In [123]: x3 = csr_array(x.T)
In [124]: y3 = csr_array(y.T)
In [130]: %timeit np.dot(x3, y3).sum()
72.2 µs ± 121 ns per loop (mean ± std. dev. of 7 runs, 10,000 loops each)
In [134]: %timeit x3.dot(y3.T)[0, 0]
92.6 µs ± 358 ns per loop (mean ± std. dev. of 7 runs, 10,000 loops each)
In [139]: %timeit x3.multiply(y3).sum(1)[0]
62.7 µs ± 1.33 µs per loop (mean ± std. dev. of 7 runs, 10,000 loops each)
In [140]: %timeit x3.multiply(y3).sum()
76.4 µs ± 13.4 µs per loop (mean ± std. dev. of 7 runs, 10,000 loops each)
An example with a very large (but very sparse) vector:
In [142]: a = csr_array([1, 2], shape=(1, 1_000_000_000))
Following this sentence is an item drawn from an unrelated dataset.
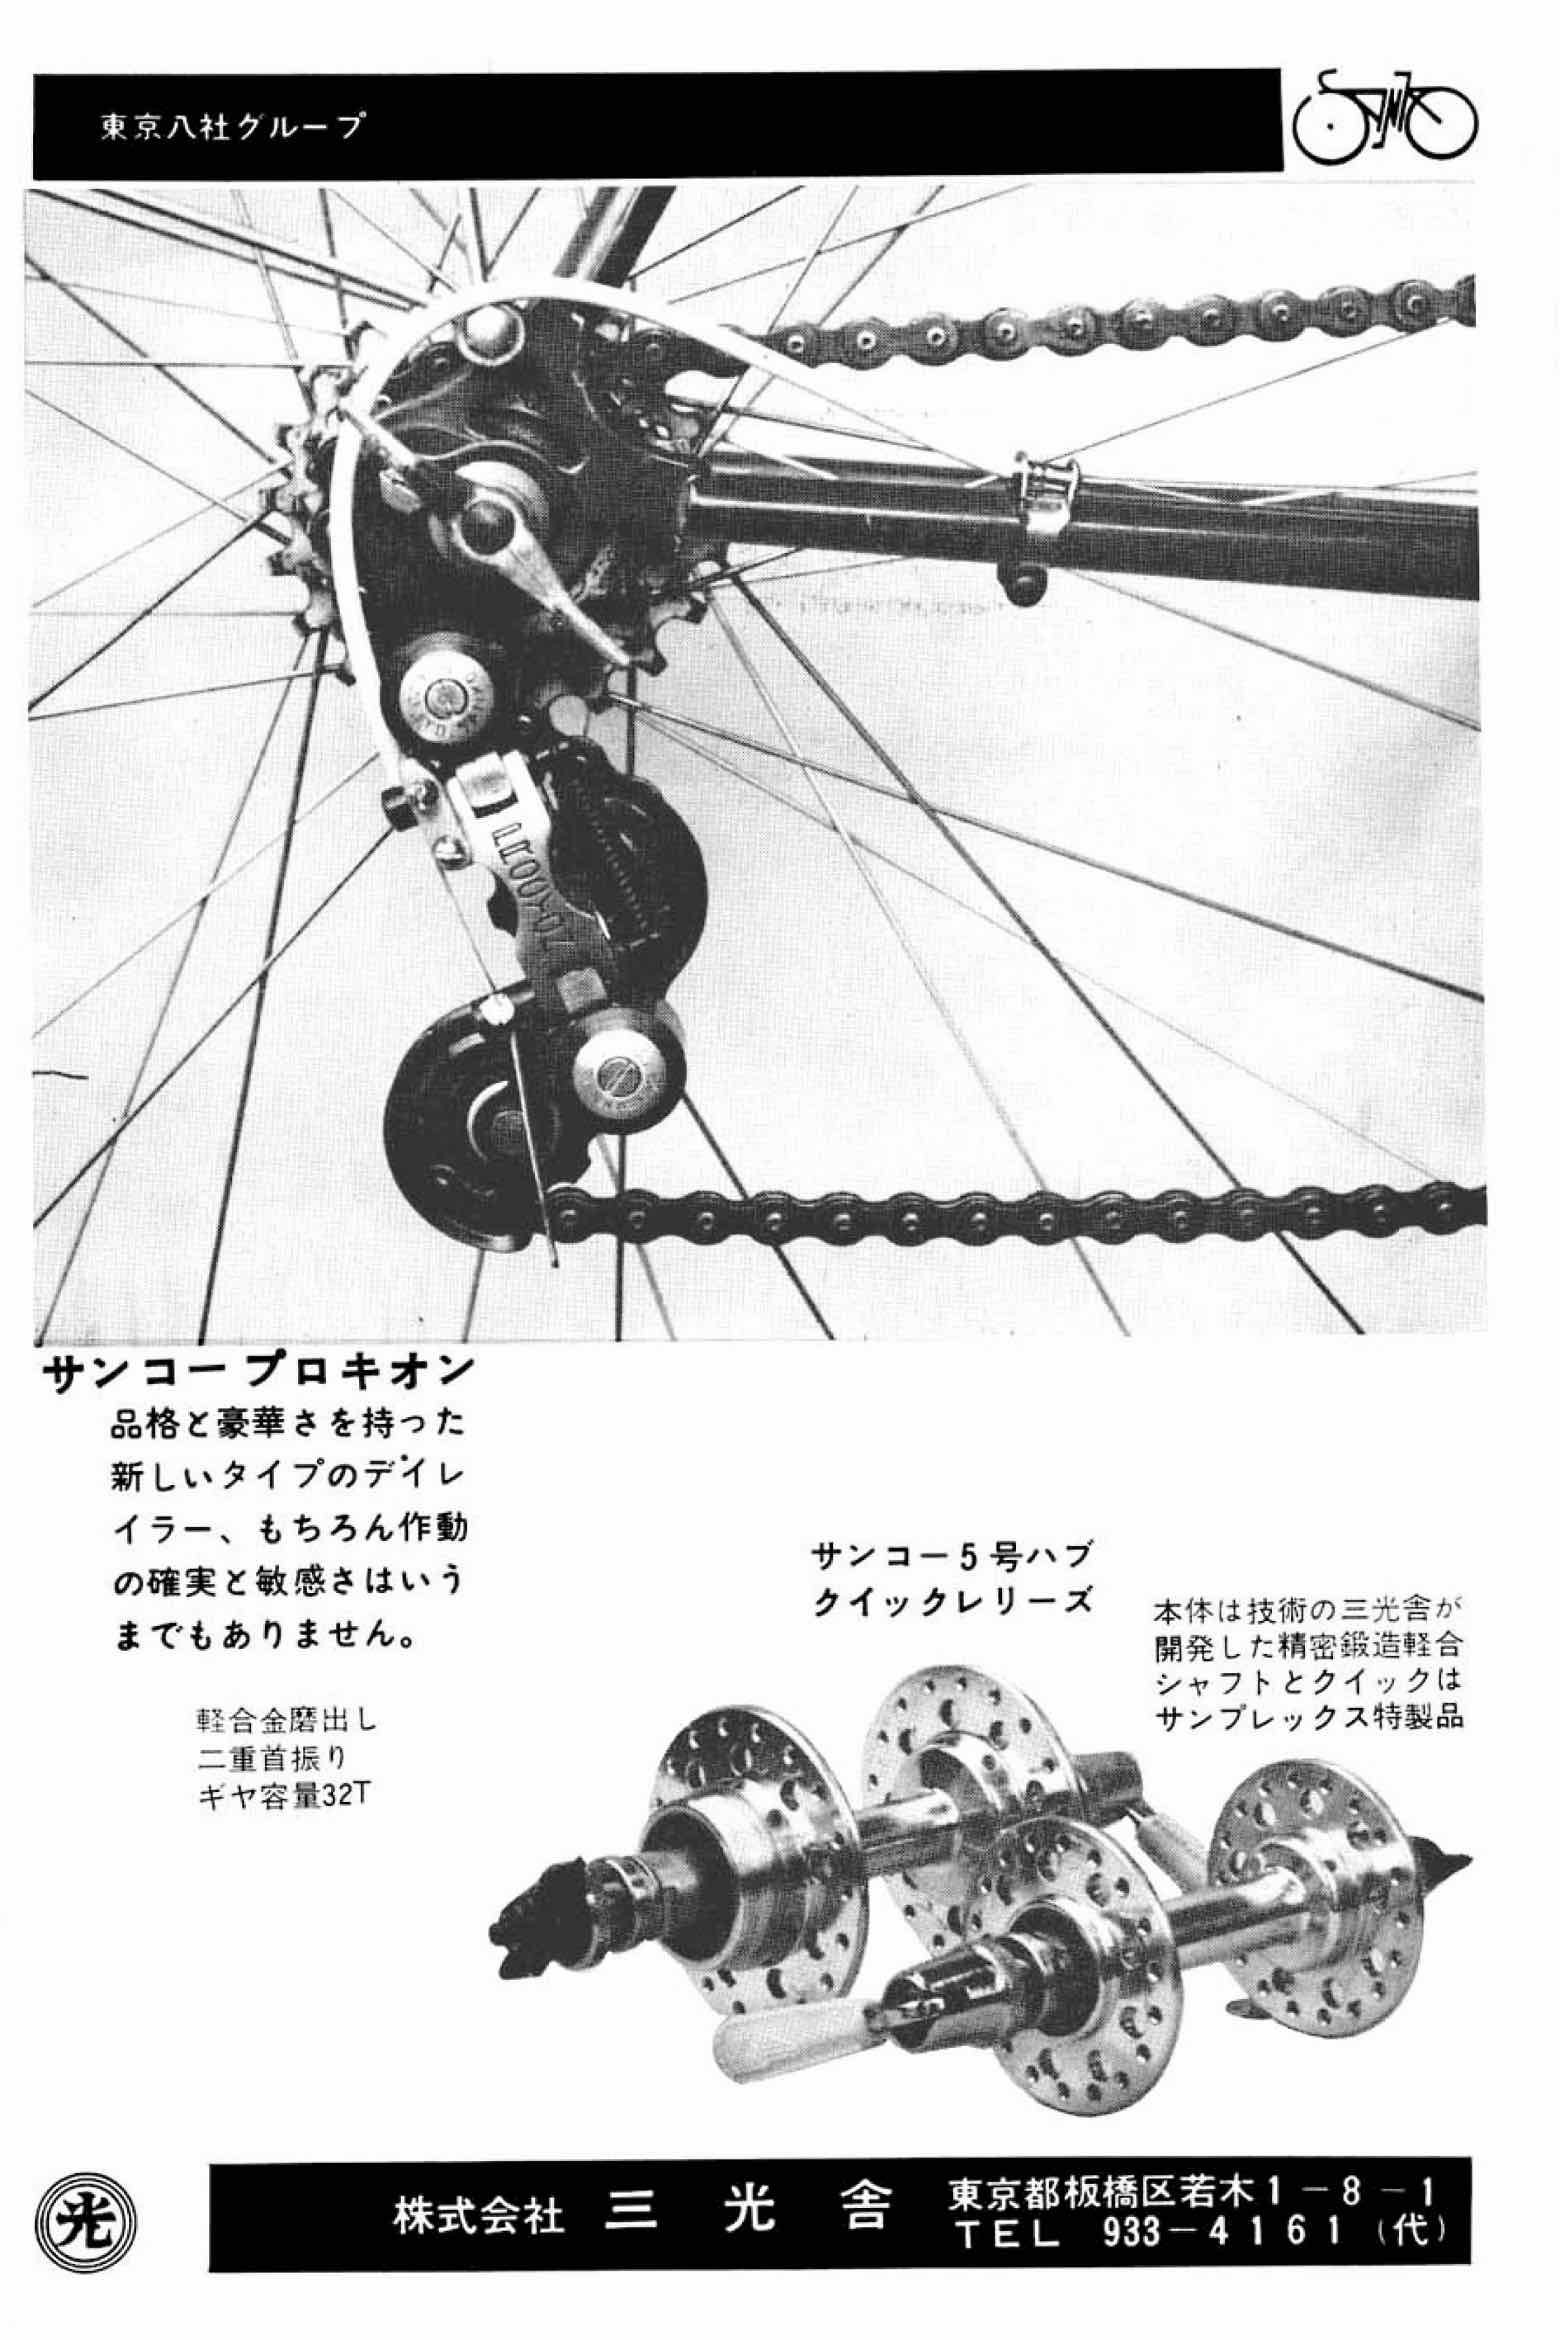 New Cycling November 1966 - Sanko advert main image

In [147]: %time np.dot(a, a).sum()
CPU times: user 205 ms, sys: 926 ms, total: 1.13 s
Wall time: 1.13 s
Out[147]: 5
In [149]: %time a.dot(a.T)[0, 0]
CPU times: user 854 ms, sys: 513 ms, total: 1.37 s
Wall time: 1.37 s
Out[149]: 5
In [151]: %time a.multiply(a).sum(1)[0]
CPU times: user 181 µs, sys: 0 ns, total: 181 µs
Wall time: 182 µs
Out[151]: 5
In [152]: %time a.multiply(a).sum()
CPU times: user 229 ms, sys: 902 ms, total: 1.13 s
Wall time: 1.13 s
Out[152]: 5
If you can use Cython or Numba, it's possible to do it even faster. For Cython, an implementation to calculate the product of two shape (1, n) csr_array with float64 values which gives me some 10%-20% performance improvement over a.multiply(b).sum(1)[0] could look something like the following:
@cython.boundscheck(False)
@cython.wraparound(False)
def cython_dot(a, b):
cdef int na = a.nnz
cdef int nb = b.nnz
cdef double[:] a_data_view = a.data
cdef int[:] a_indices_view = a.indices
cdef double[:] b_data_view = b.data
cdef int[:] b_indices_view = b.indices
cdef int a_ptr = -1
cdef int b_ptr = -1
cdef int aiv, biv
cdef double result = 0
cdef bint a_update = True
cdef bint b_update = True
while True:
if a_update:
a_ptr += 1
aiv = a_indices_view[a_ptr]
a_update = False
if b_update:
b_ptr += 1
biv = b_indices_view[b_ptr]
b_update = False
if a_ptr == na or b_ptr == nb:
break
if aiv < biv:
a_update = True
elif aiv > biv:
b_update = True
else:
result += a_data_view[a_ptr] * b_data_view[b_ptr]
a_update = True
b_update = True
return result
Here,
result += a_data_view[a_ptr] * b_data_view[b_ptr]
could also use libc.math.fma if higher precision is necessary (but this makes it a bit slower in my testing):
result = fma(a_data_view[a_ptr], b_data_view[b_ptr], result)
A fast Numba implementation could be similar and is about as fast in my testing.